The MLB has advanced pitch tracking equipment inside all stadiums.
By using a pybaseball, a python based webscraper, I was able to get Pitch-by-Pitch data from baseballsavant.com
Will be using data from a single pitcher to start, Tarik Skubal.
Isolated numeric variables (kinematics, spin, movement) for modeling.
Training Set: 70%
Testing Set: 20%
Validation Set: 10%
The model achieves 99% balanced accuracy on Skubal’s pitches.
How does it perform on other pitchers?
Ryan Weathers: LHP. Similar arsenal, but throws a sweeper instead of a traditional curveball.
Patrick Sandoval: LHP. Throws the exact same 5 pitches as Skubal, but with a less elite movement profile.
Jake Arrieta: RHP. Retired, but threw mostly the same pitch mix.
Does a good job with Sliders, Changeups, and Sinkers.
Misclassified some fastballs as sinkers.
Weathers throws a Sweeper instead of a Curveball.

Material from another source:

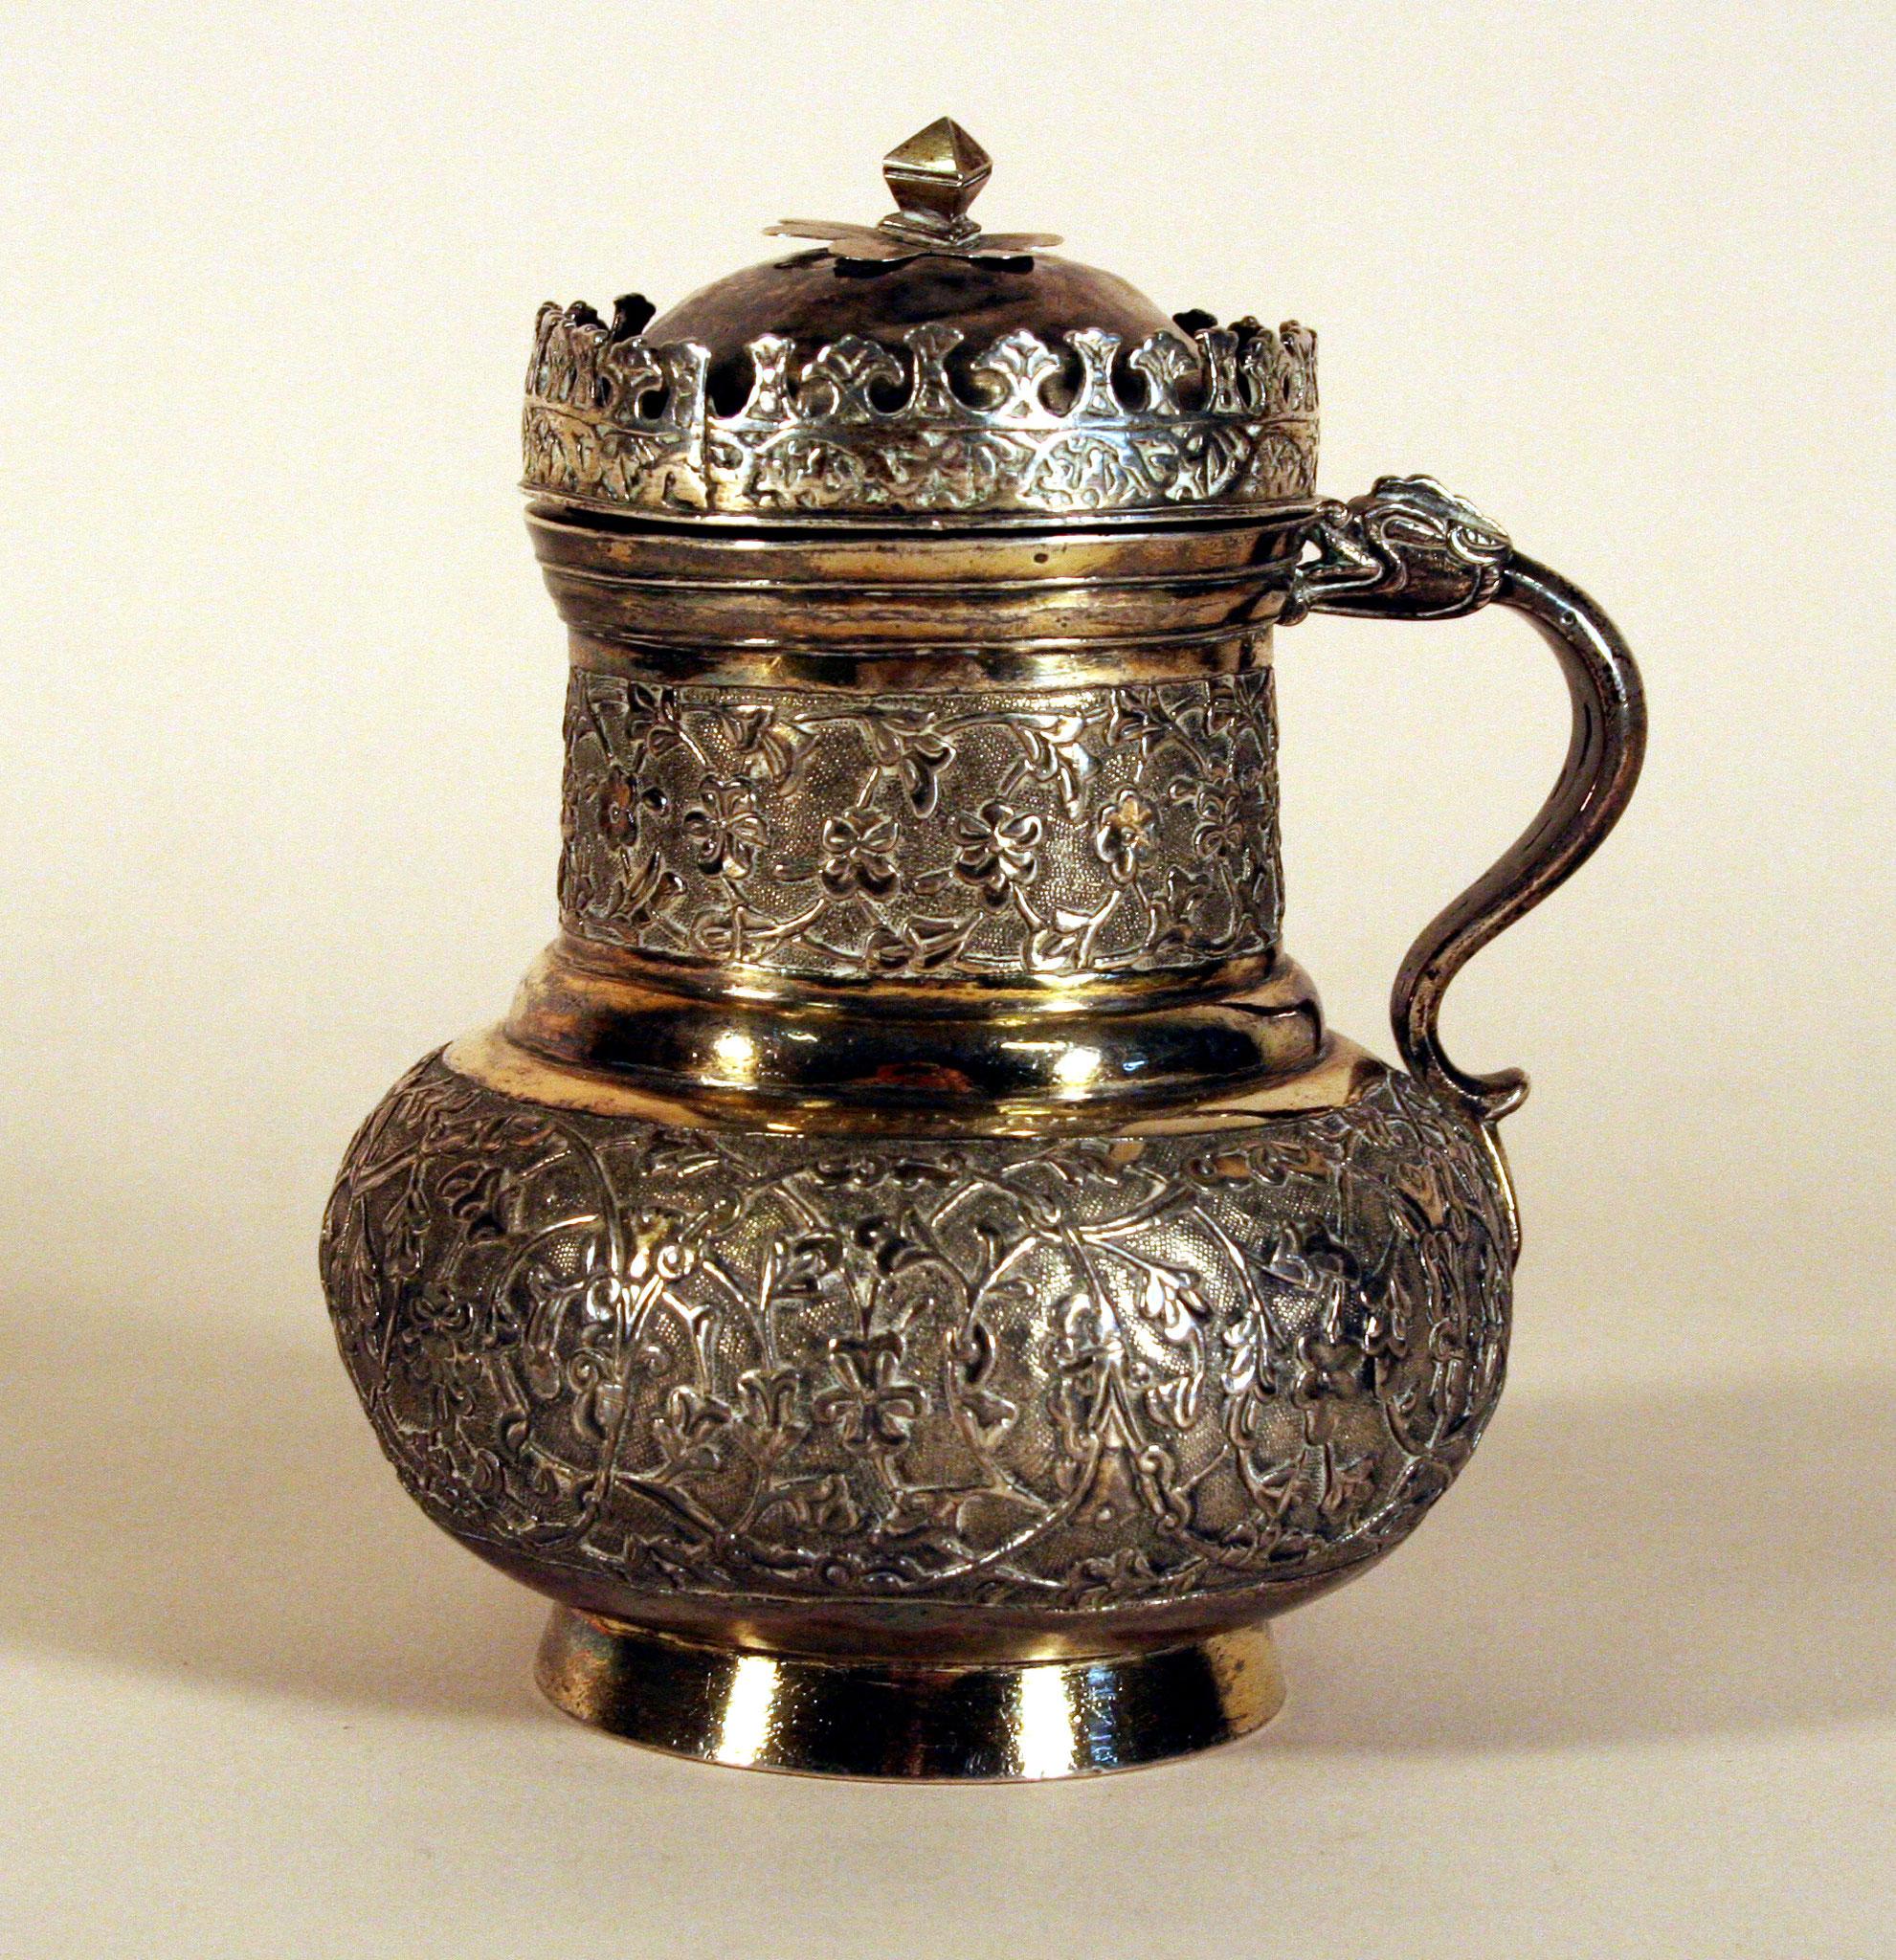 Adjugé 100 400 € - PICHET ottoman en argent, XVIe siècle, hauteur : 13.5 cm

A sweeper is somewhere between a slider and curveball
Classifications mixed between slider and curveball
Overall the model generalizes very well to Sandoval
97%+ accuracy for slider, curveball, fastball, changeup.
Sinker did alright, misclassified often.
Sweeper again classified as curveball or slider.

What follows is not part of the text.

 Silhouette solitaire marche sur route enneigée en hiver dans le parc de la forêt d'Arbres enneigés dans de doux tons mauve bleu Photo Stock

Generalizing the model to a RHP didn’t do very well
Makes logical sense, RHP and LHP throw from opposite sides
So when a RHP throws a slider it breaks left, while for a LHP it breaks right.

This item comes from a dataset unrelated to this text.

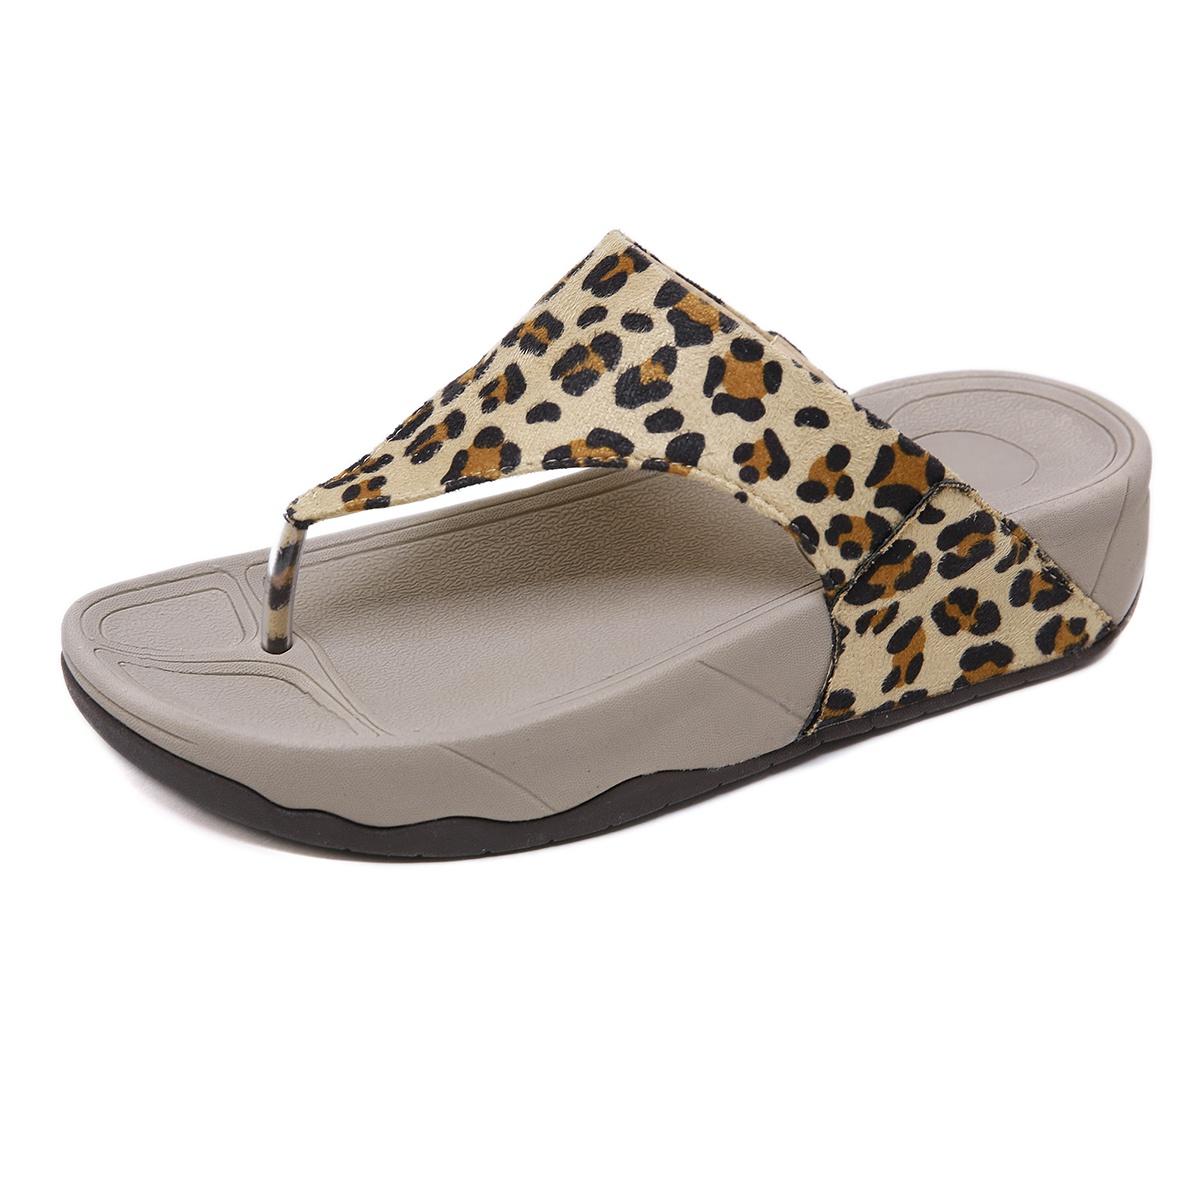 夏季豹纹坡跟鞋 夹脚拖鞋r女夏外穿百搭时尚沙滩海边坡跟厚底豹纹大码可泡水人字_推荐淘宝好看的女夏豹纹坡跟鞋

This would mean for a variable like api_break_x_arm we would get a positive value for a LHP, and a negative value for a RHP.
This will clearly cause classification issue when trying to split on x-axis based variables.
Can a more general model be built off a random sample of ALL pitchers?
At what n do we see a diminishing return for our model?
A sample size of n will be drawn from a data frame with 1.5 million pitches from 2023-2024.
Right and Left Handed Models built seperately for each n.
Unbalanced Data; we will look at balanced accuracy.